These Esploratori units were limited to intelligence, propaganda and other defensive actions, and they would later become the 39th Regiment of the Czechoslovak Italian Legion.[12]

Then the massive Italian defeat at the Battle of Caporetto in late 1917 altered the whole dynamic in Italy for the Czechs and Slovaks.

After Caporetto, the Czechoslovak Legion of Italy Is Established

On April 21, 1918 the Prime Minister of the Kingdom of Italy Vittorio Emanuele Orlando signed, together with the Minister of War Vittorio Italo Zupelli and Colonel Štefánik, representing the Czechoslovak National Council, an agreement that created the Italian Czechoslovak Legion.[13] During the negotiations, General Štefánik told the Prime Minister: I do not request anything from you, but to allow our people to die for their ideals.[14] Štefánik then received, on May 24 from Orlando, the Legion colors in a solemn ceremony at the Altare della Patria in Rome.[15]

From the prisoner work battalions, four Infantry Regiments were formed, consisting of 13,653 soldiers and 489 officers, which then merged into two Brigades, taking the name of the Sixth Division Czechoslovak. They were placed under the command of General Andrea Graziani.[16]

The Infantry Units were initially placed in the Euganean hills. However, some reconnaissance battalions were deployed at the Battle of Solstizio (Piave) in June 1918. In a bit of irony, Jan Čapek died in that Battle on his birthday, June 17.

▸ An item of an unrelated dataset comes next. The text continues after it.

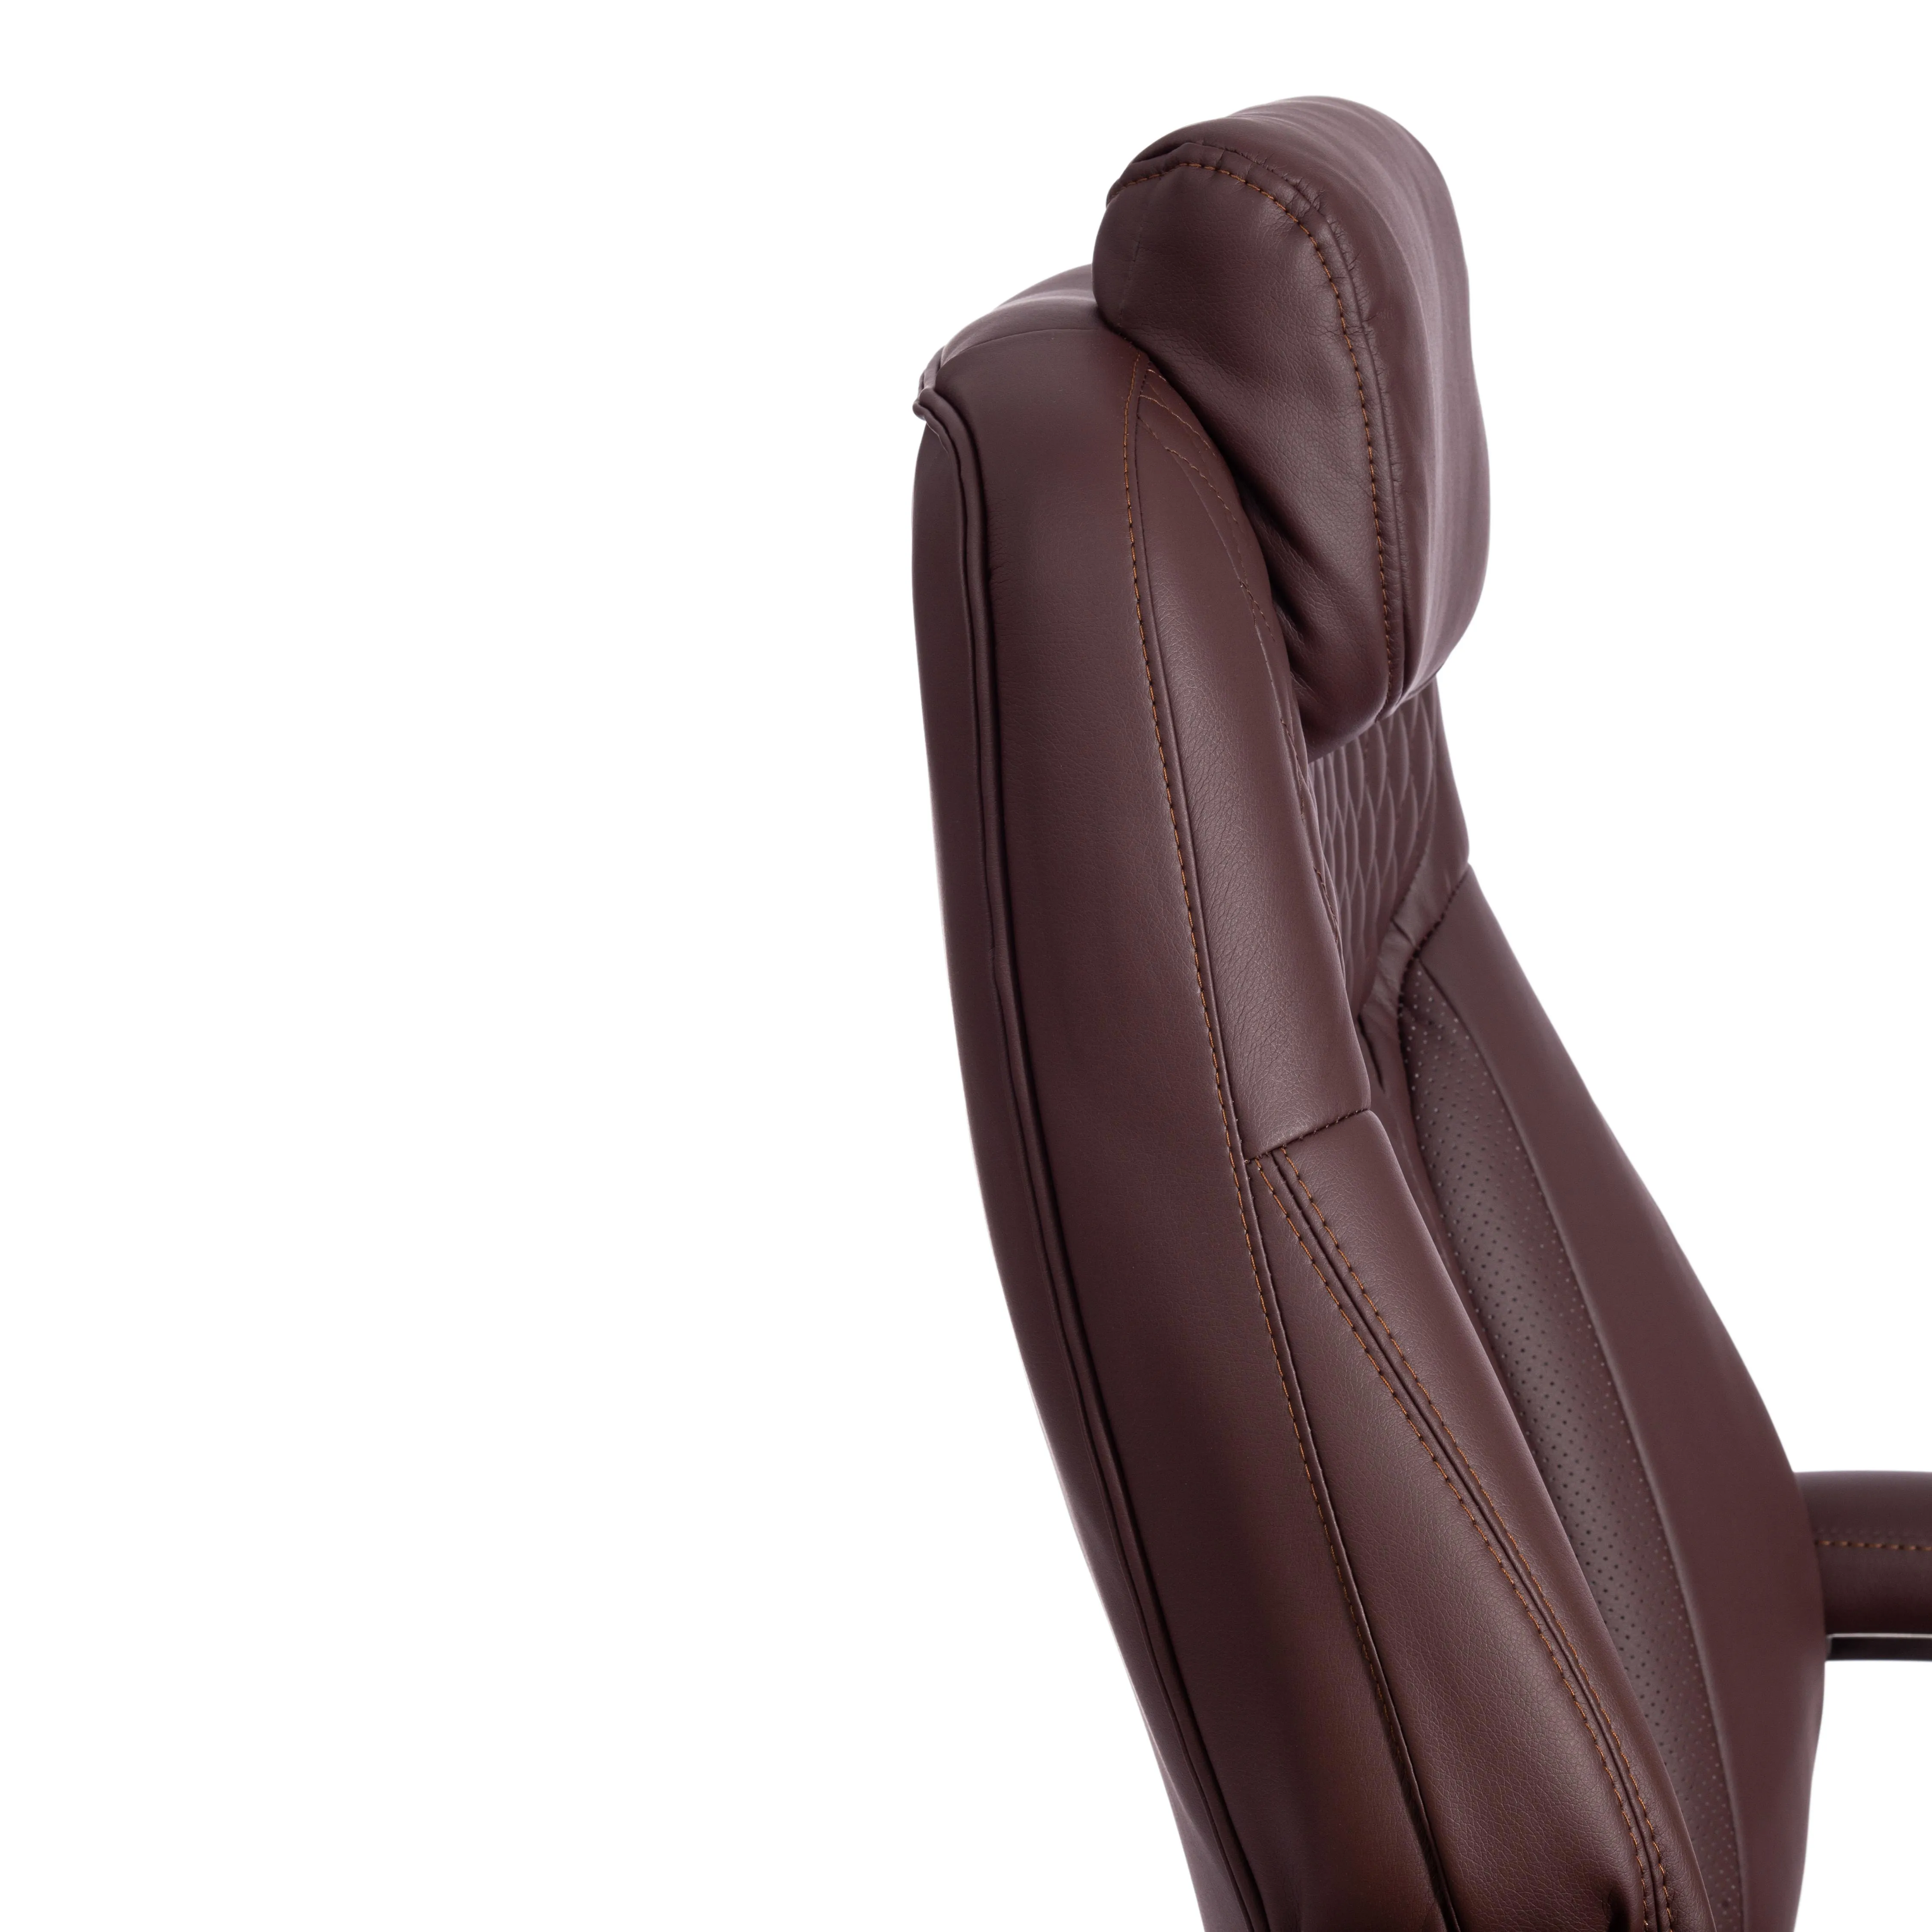 Кресло компьютерное для руководителя Trust (max) коричневый

However, soon the Czechoslovak Regiments were actively deployed in some important battles on the Italian Front. After June, the Legion participated in Battles at Monte Valbella, Monte Asolone and Cima Tre Pezzi.[17] Starting from August 18, 1918 the Legion had the task of defending the sector of Mount Altissimo di Nago, between Lake Garda and the Adige River. It was in this area that the Legion, in September 1918, participated in the battle of Dosso Alto.[18]

The Czechoslovak Legion was also in reserve during the Battle of Vittorio Veneto in October 1918. Shortly thereafter, the Armistice of Villa Giusti concluded the Great War in Italy on November 3, 1918.

The Post-war Czechoslovak Italian Legion

Czechoslovakia declared its independence from the disintegrating Austria-Hungary, on October 28, during the Battle of Vittorio Veneto. By the beginning of December, the troops of the Czechoslovak Corps were concentrated in Padua (ready to be repatriated) under the command of General Luigi Piccione who had taken the command of the Corps on November 26, 1918. On December 8, King Vittorio Emanuele III, now President Tomáš Garrigue Masaryk of the Czechoslovak Republic and the Chief of the Italian Army General Armando Diaz reviewed the Legion at Prato della Valle prior to their repatriation.[19]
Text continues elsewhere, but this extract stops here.